Веселые и довольные, что придется попариться в бане, в которой не были уже полтора года, матросы и без понуканий своего любимца Егора Митрича торопливо доставали из своих парусинных мешков по смене чистого белья, запасались мылом и кусками нащипанной пеньки, обмениваясь замечаниями насчет предстоящего удовольствия.
– По крайности матушку-Расею вспомним, братцы. С самого Кронштадта не парились.
– То-то в загранице нет нигде бань, одни ванный. Кажется, и башковатые люди в загранице живут, а поди ж ты! – не без чувства сожаления к иностранцам заметил пожилой баковый матрос.
– Так-таки и нигде? – спросил молодой чернявый матросик.
– Нигде. Без бань живут, чудны́е! Везде у них ванный.
– Эти ванный, чтоб им пусто было! – вставил один из матросов. – Я ходил в Бресте в эту самую ванную. Одна слава что мытье, а форменного мытья нету.
– А хороша здесь, братцы, баня?
– Хорошая, – отвечал матрос, бывший вчера на берегу. – Настоящая жаркая баня. Линейные солдатики строили; тоже, значит, российские люди. Им да вот этим самым несчастным, что роют уголь, только и утеха одна что баня…
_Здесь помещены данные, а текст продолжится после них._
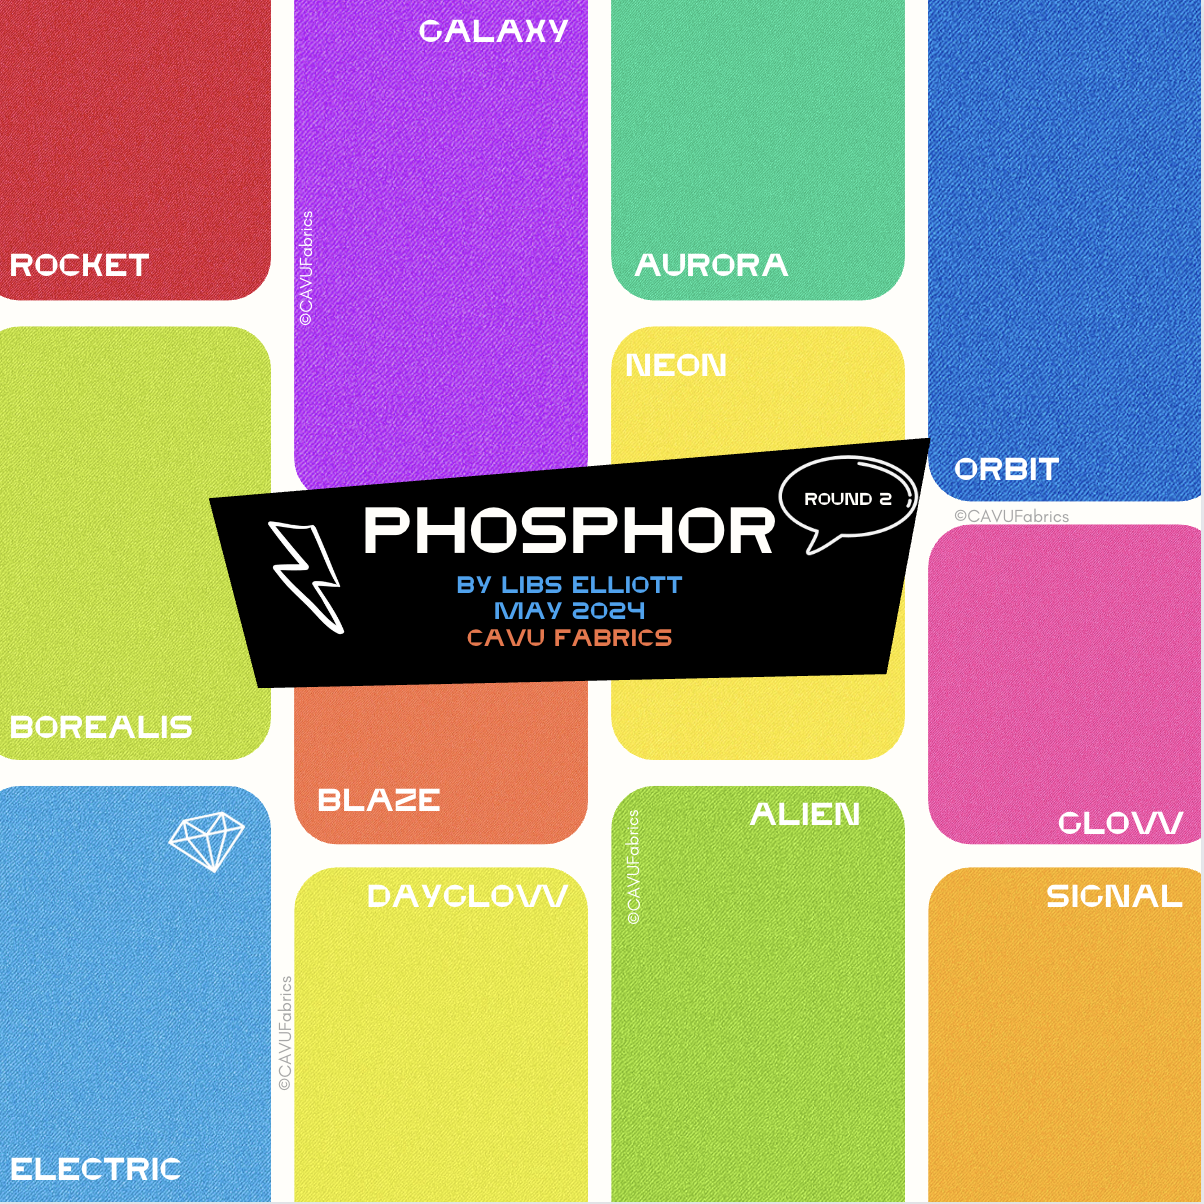 Signal - Phosphor by Libs Elliott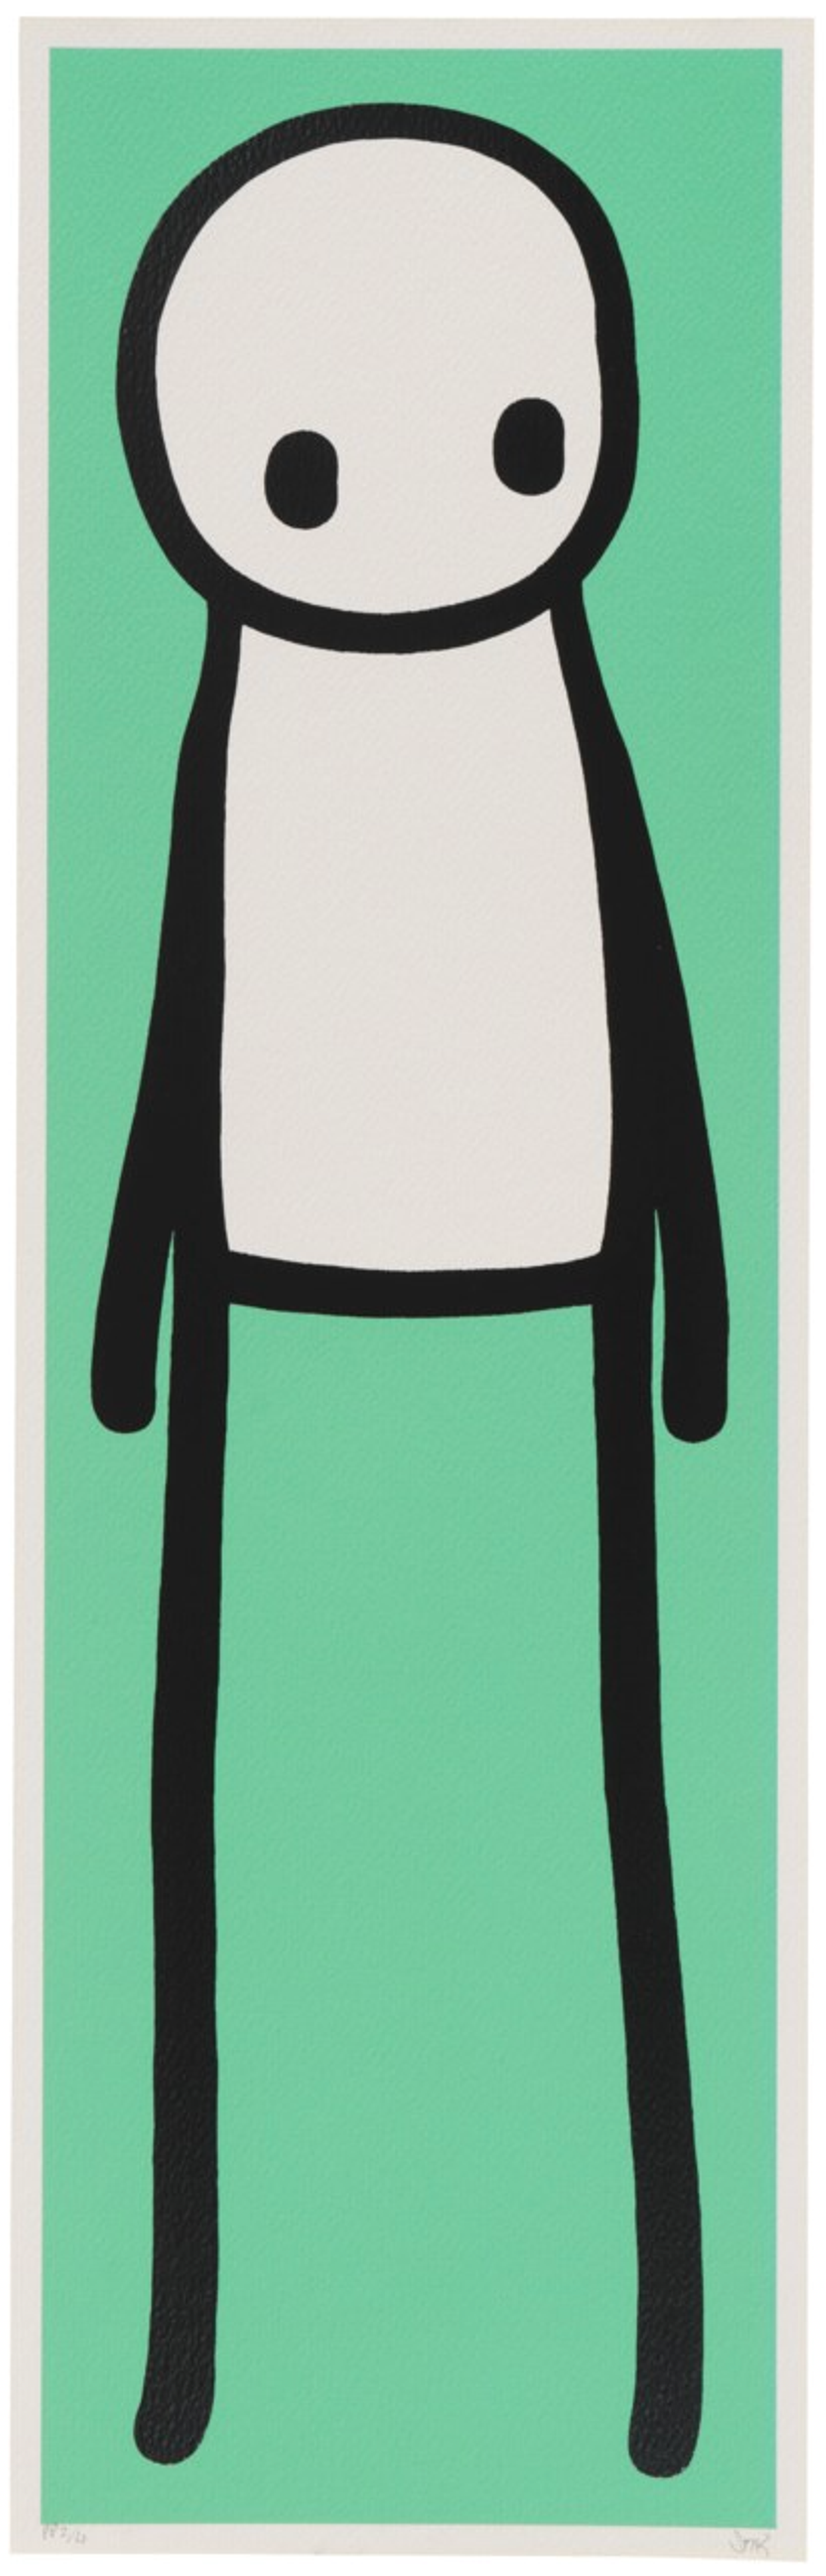 Standing Figure (mint green) (PP) by STIK - MyArtBroker

– Да, вовсе здесь тяжкое житье!
– И командир ихний, сказывали, зверь.
– Одно слово – каторжное место. И ни тебе кабака, ни тебе бабы!
– Одна завалящая варначка какая-то есть старая… Наши видели.
– Увидишь и ты, не бойсь! – проговорил, смеясь, подошедший Егор Митрич. – Не с лица воду пить! Живо, живо!.. Выползай, кто готов… Нечего-то лясы точить, чтоб вас!
Матросы выходили один за другим наверх с узелками под бушлатами и выстраивались на шканцах. Вышел старший офицер и, снова повторив мичману Ныркову приказание быть к одиннадцати часам на клипере, велел сажать людей на баркас, который уже покачивался у левого борта с поставленными мачтами.
Матросы весело спускались по веревочному трапу, прыгали в шлюпку и рассаживались по банкам. Старший офицер наблюдал за посадкой.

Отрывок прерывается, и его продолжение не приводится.